I was thinking by using validation but not quite sure how to go with it. Please list some papers or ideas on how. This is for multi class problem (using one vs all approach). I think each class/category has its own speed in converging to a good strong classifier hence would need different number of weak classifiers to avoid overfitting.
You could use a hold-out validation set. Break your training data into two pieces, which we'll call the training and validation sets.
Run AdaBoost on the training set.
After each iteration of AdaBoost where a new weak classifier is generated, run the meta-classifier comprised of all currently created weak classifiers on the validation set.
If the performance on the validation set has dropped relative to the performance in the previous iteration, stop and use the meta-classifier from the previous iteration as your final classifier.
Or, if you're worried about local optima, just stop if it is much worse (whatever much means) than the best classifier you've seen so far.

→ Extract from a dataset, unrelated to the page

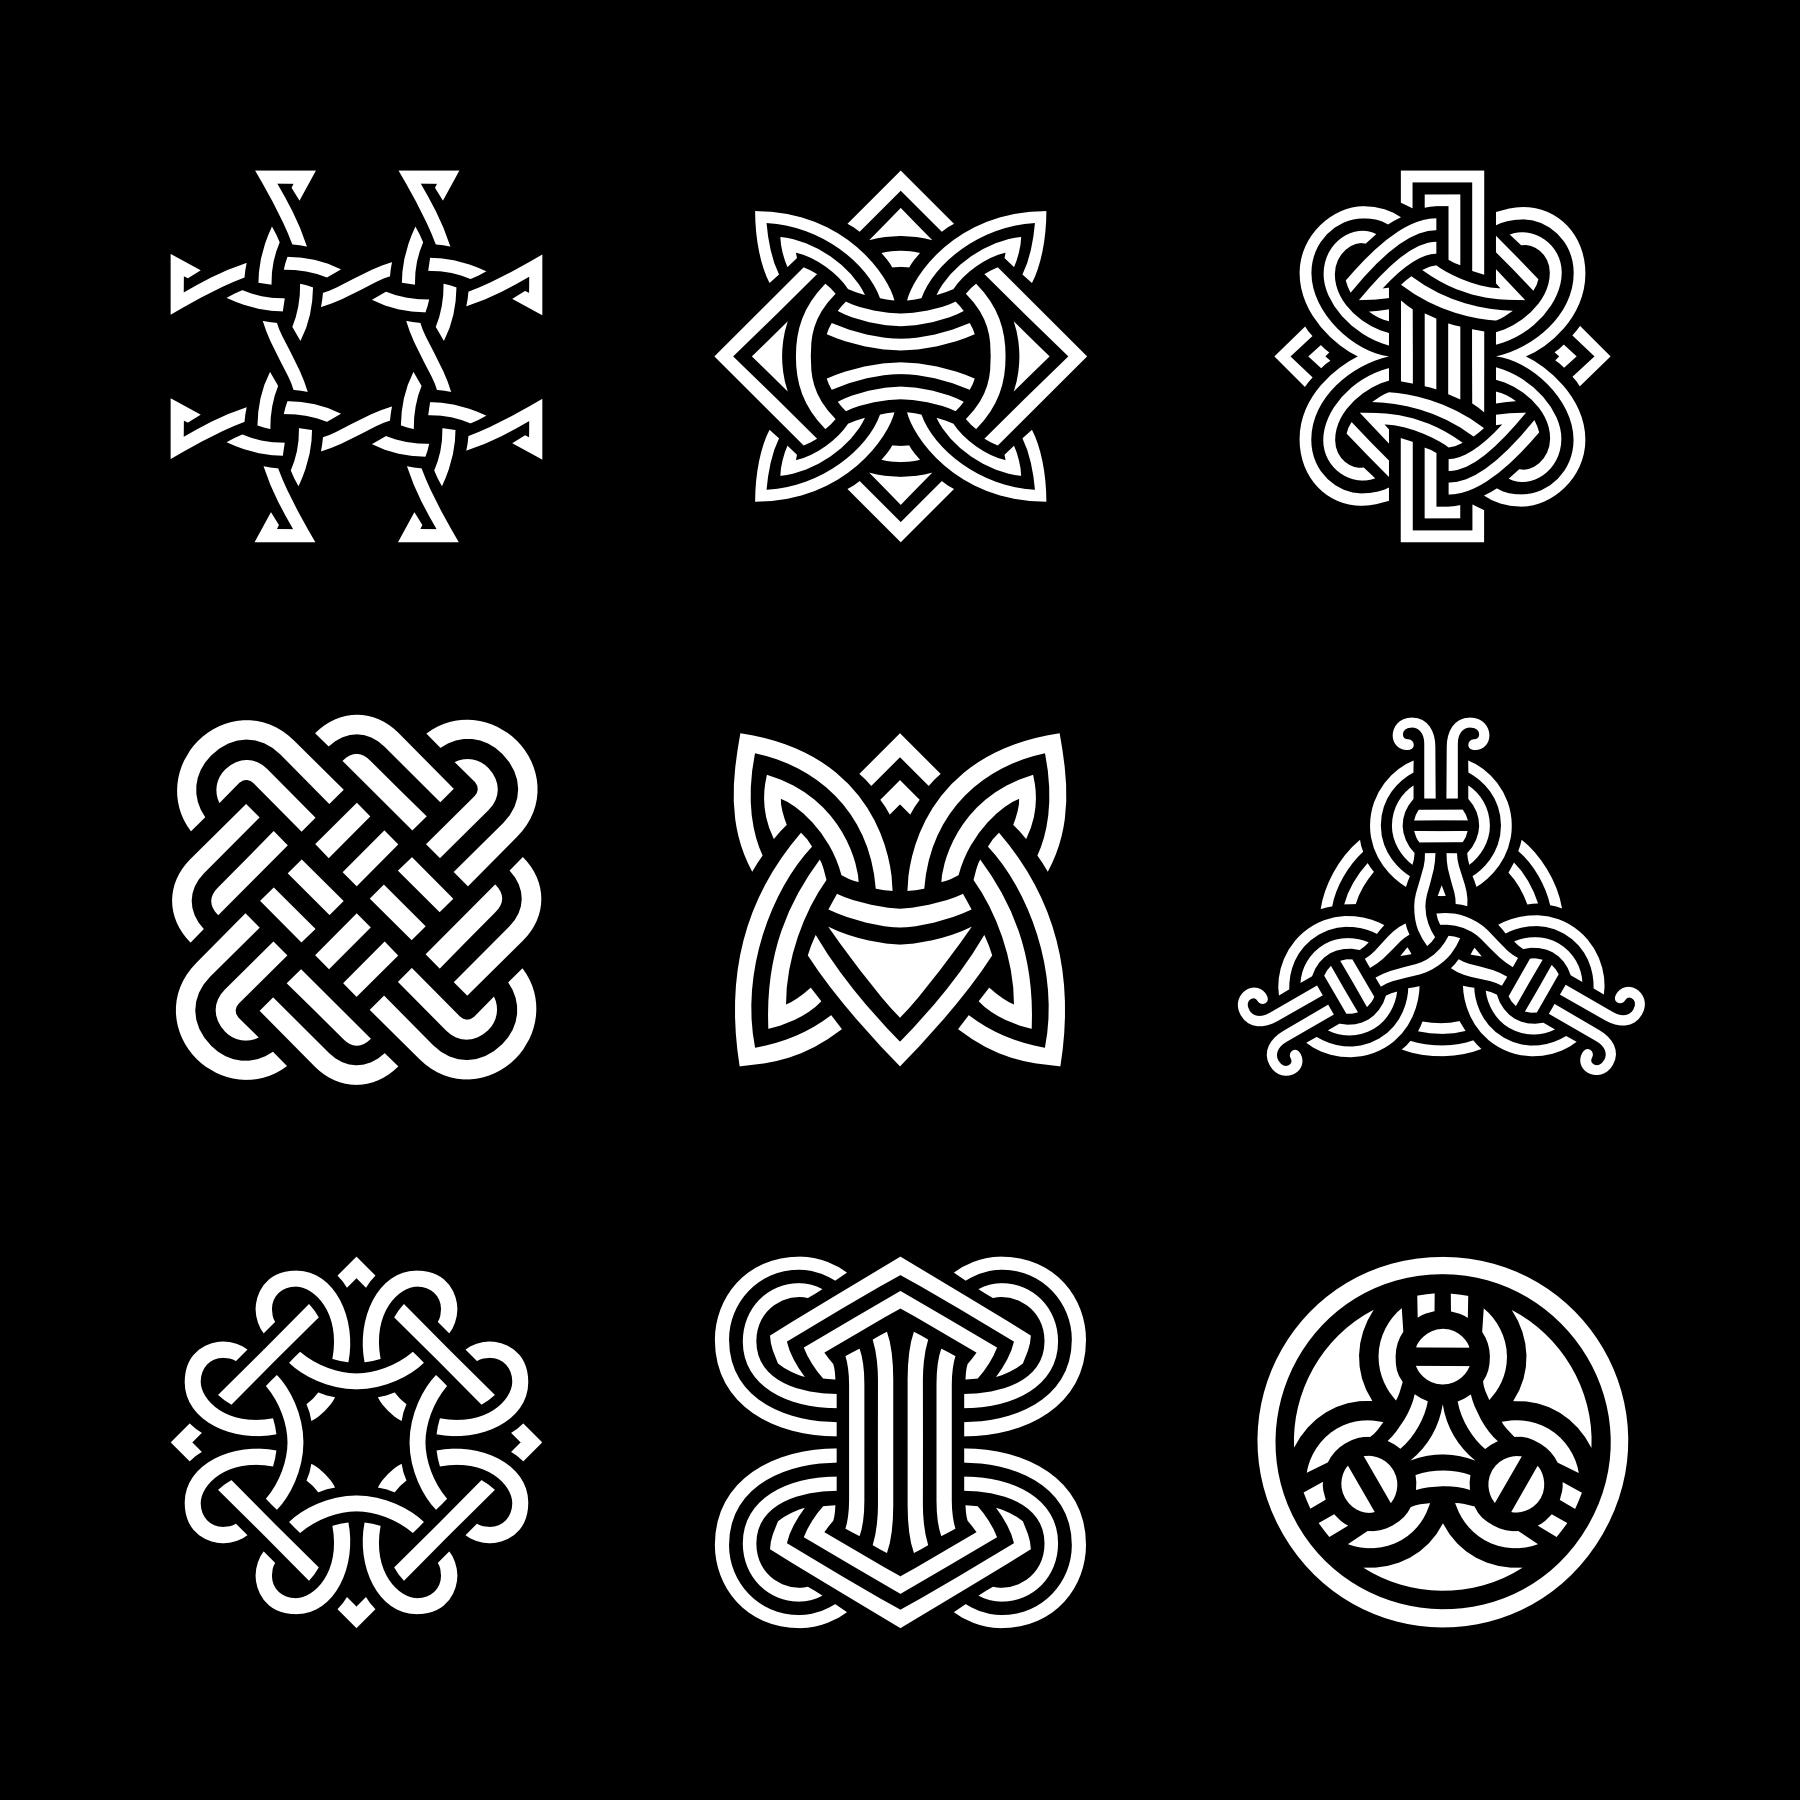 Borre Style Heathen Pinterest Viking Art Viking Designs And

Importantly, this approach will reduce the amount of training data available to you. There will be a trade off between reducing over-fitting (by taking a large, and thus representative, sample for the validation set), and under-fitting (since if your classifiers have less data to work with, they may not be able to learn all the patterns in the set).
Thus, picking the proper size of validation set is non-trivial. Some important considerations though:
If your data has class imbalance (which it will since you're doing 1 v. all classification), your validation and training sets must be selected in a way which preserves something like the desired class balances – if you put all the minority class exemplars in one of the two sets, things aren't going to work.
If data limitations are an issue, and you are considering up/down sampling the classes, then make sure you partition off the validation set before doing so.